Profilaggrin is sequestered in cytoplasmic nonmembrane-bound insoluble keratohyalin filaggrin granules (F-granules) in the granular layer, is proteolytically processed and released from F-granules during terminal differentiation, and is incorporated into the CEs of corneocytes (Steinert and Marekov, 1995; Simon et al., 1996). Immuno-EM of Matriptase/MT-SP1^−/− epidermis was used to determine the ultrastructural location and fate of profilaggrin in the absence of normal processing. Examination of the F-granules in the granular layer did not reveal significant changes in the staining intensity between Matriptase/MT-SP1–deficient and –sufficient epidermis (Fig. 4, B and C), compatible with the normal microscopic and ultrastructural appearance of F-granules (List et al., 2002). In terminally differentiated corneocytes, filaggrin-immunoreactive material was profuse in the central and peripheral keratin aggregates in both Matriptase/MT-SP1^−/− and control epidermis (Fig. 4, D and E). In conclusion, the data suggest that unprocessed or aberrantly processed profilaggrin is released from F-granules and incorporates into terminally differentiated corneocytes.

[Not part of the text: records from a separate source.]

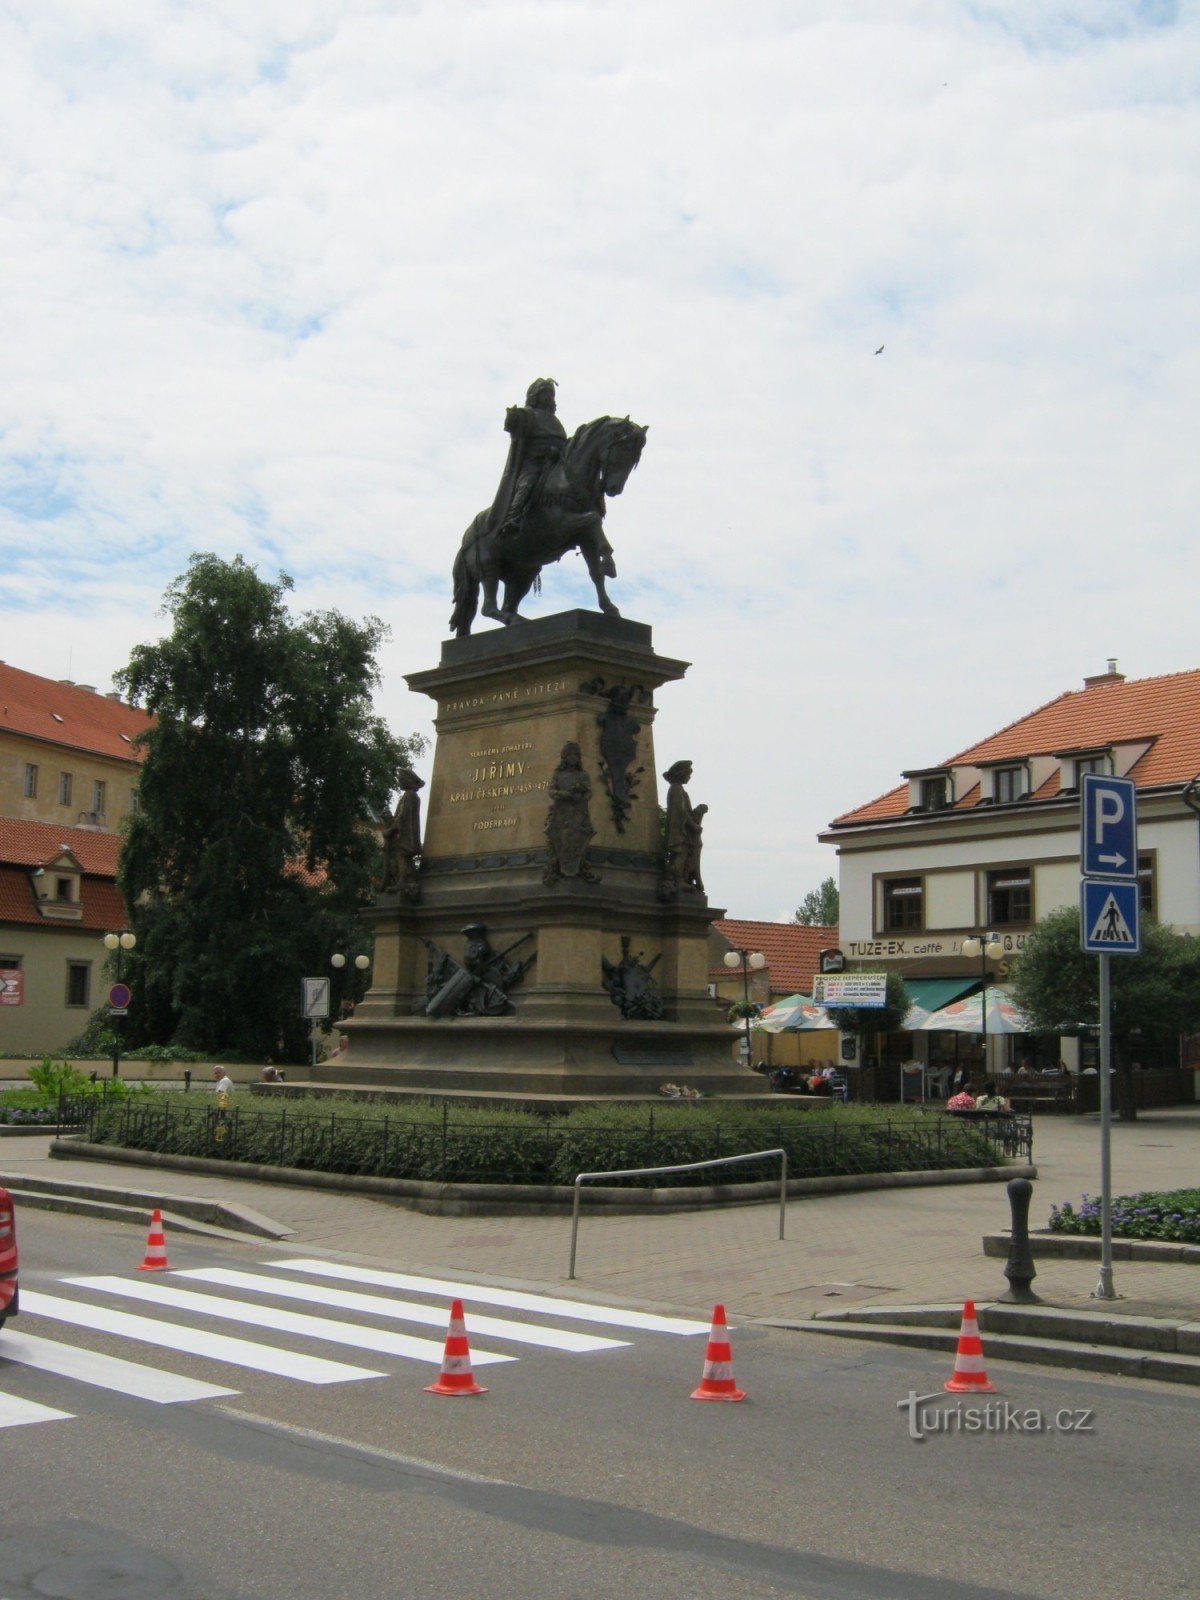 005 Άγαλμα του Γεωργίου στην πλατεία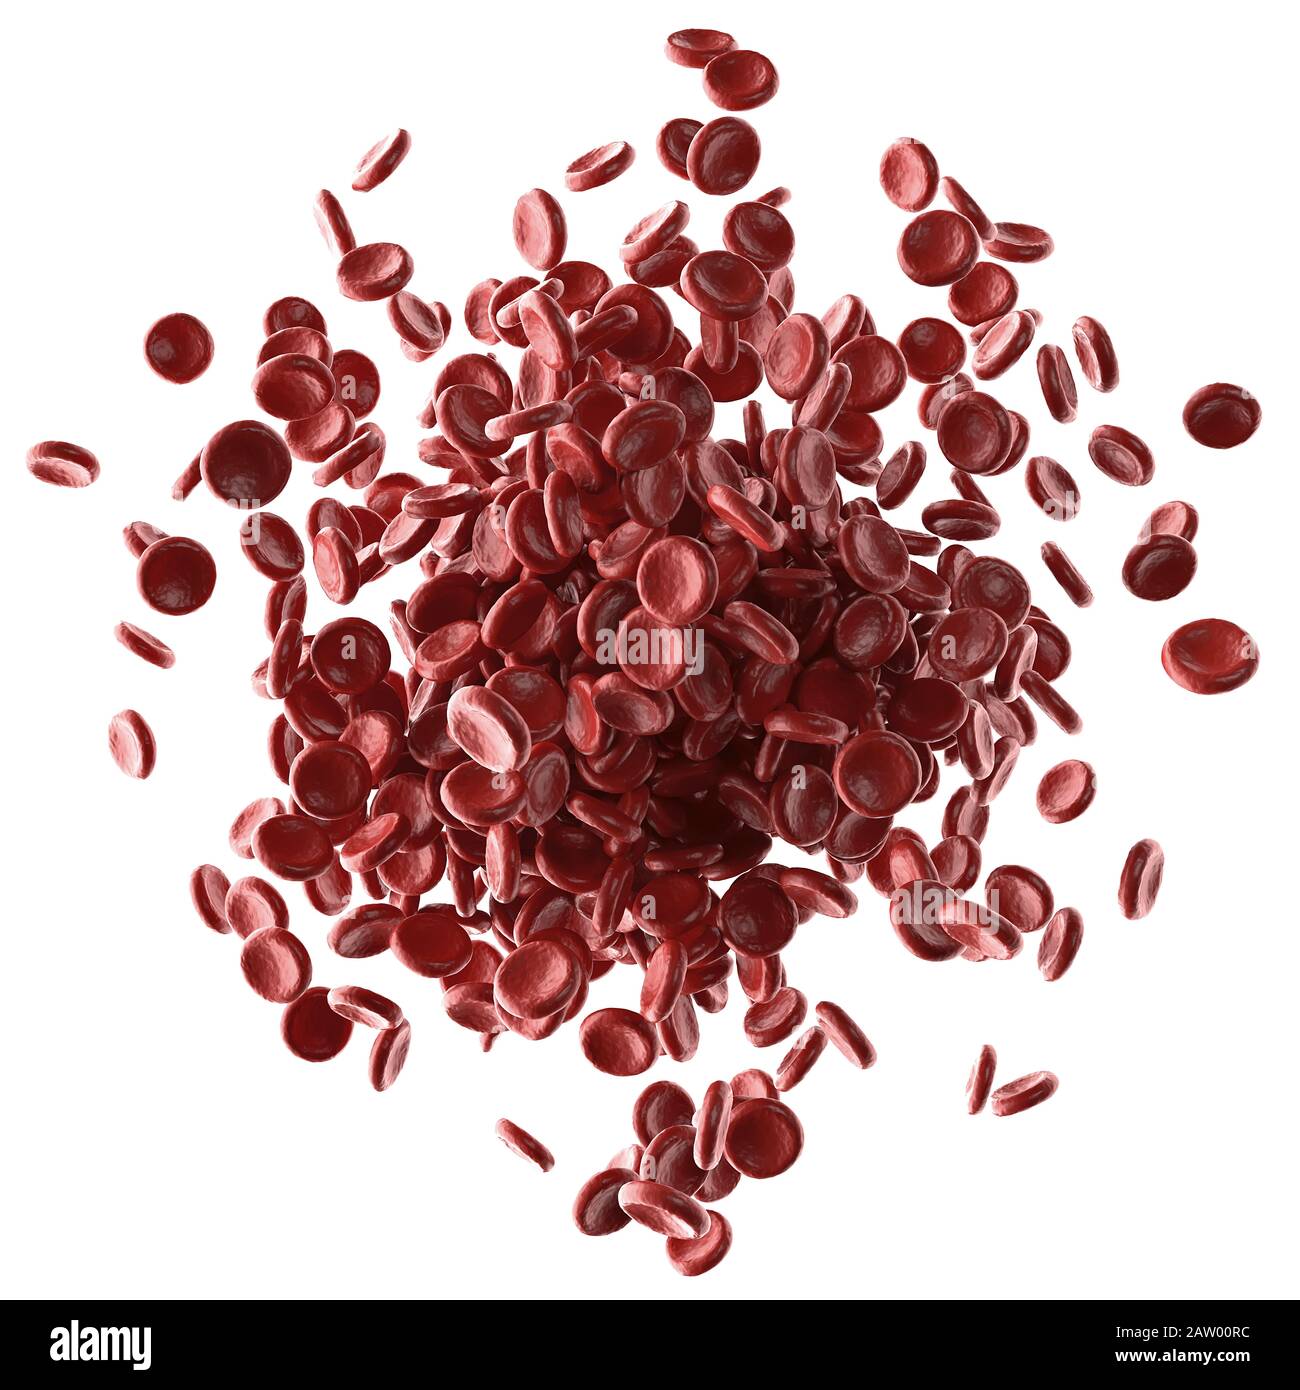 Les globules rouges débordent sur fond blanc. Illustration tridimensionnelle, image conceptuelle. Chemin d'écrêtage inclus. Banque D'Images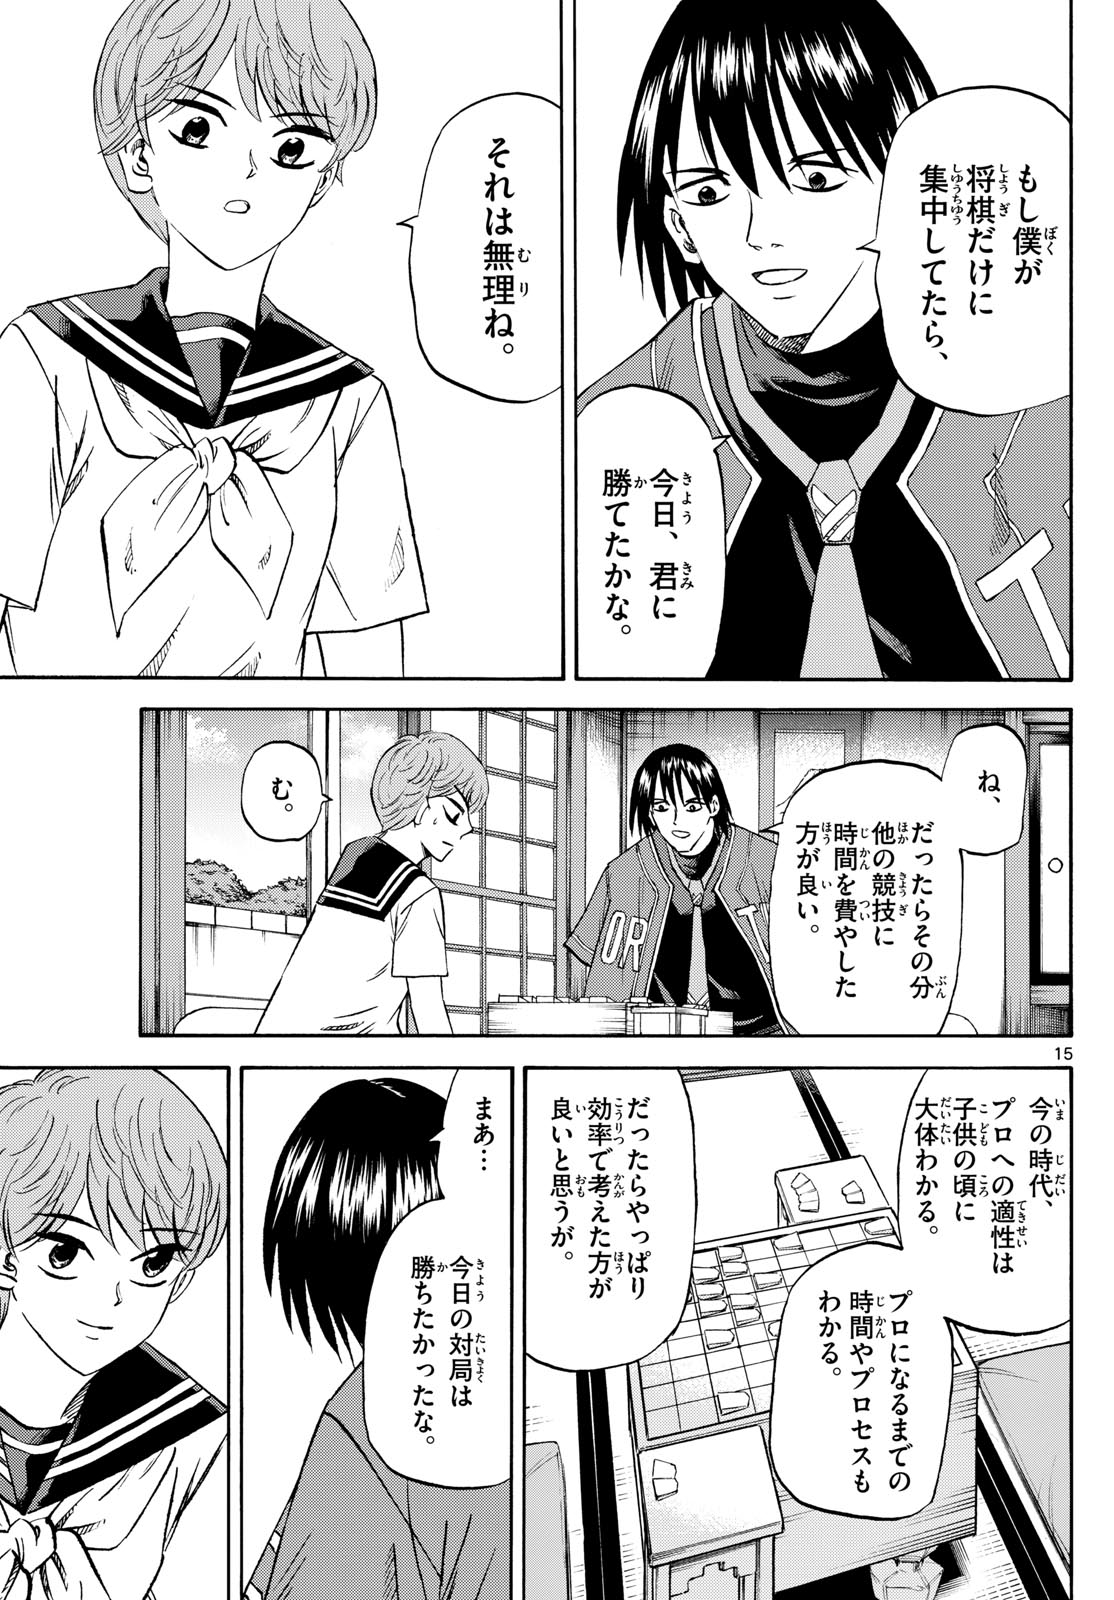 Tatsu to Ichigo - Chapter 198 - Page 15

The sequential proteolytic liberation of the NH₂-terminal filaggrin S-100 protein is required for its nuclear translocation during terminal epidermal differentiation (Pearton et al., 2002). Western blot analysis of epidermal extracts from control mice using a peptide antibody directed against the NH₂-terminal A domain of the profilaggrin S-100 protein revealed the mature S-100 protein as well as several processing intermediates that have been characterized previously (Fig. 5, lane 1). These included doublet proteins of 28–30 kD, corresponding to the intact, proteolytically liberated S-100 protein, and a 16-kD protein, corresponding to the isolated A domain (Presland et al., 1997; Pearton et al., 2002). Interestingly, parallel analysis of epidermis from Matriptase/MT-SP1^−/− littermates demonstrated the absence of both the proteolytically liberated S-100 protein and the isolated A domain. This was associated with the dramatic accumulation of a 50-kD protein previously identified as the intact S-100 protein linked to the first truncated filaggrin repeat (Fig. 5, lane 2; Pearton et al., 2002). This protein product was previously identified as a proteolytic processing intermediate that is rapidly converted into the mature S-100 protein in the normal epidermis, indicating that Matriptase/MT-SP1 is required for this specific processing step. An immunoreactive 10-kD protein was also uniquely present in Matriptase/MT-SP1^−/− epidermis, possibly representing the isolated EF hands of the A domain, formed as a consequence of impaired proteolytic liberation of the S-100 domain (Fig. 5, lane 2). The data show that loss of epidermal Matriptase/MT-SP1 impairs the proteolytic liberation of the NH₂-terminal filaggrin S-100 protein.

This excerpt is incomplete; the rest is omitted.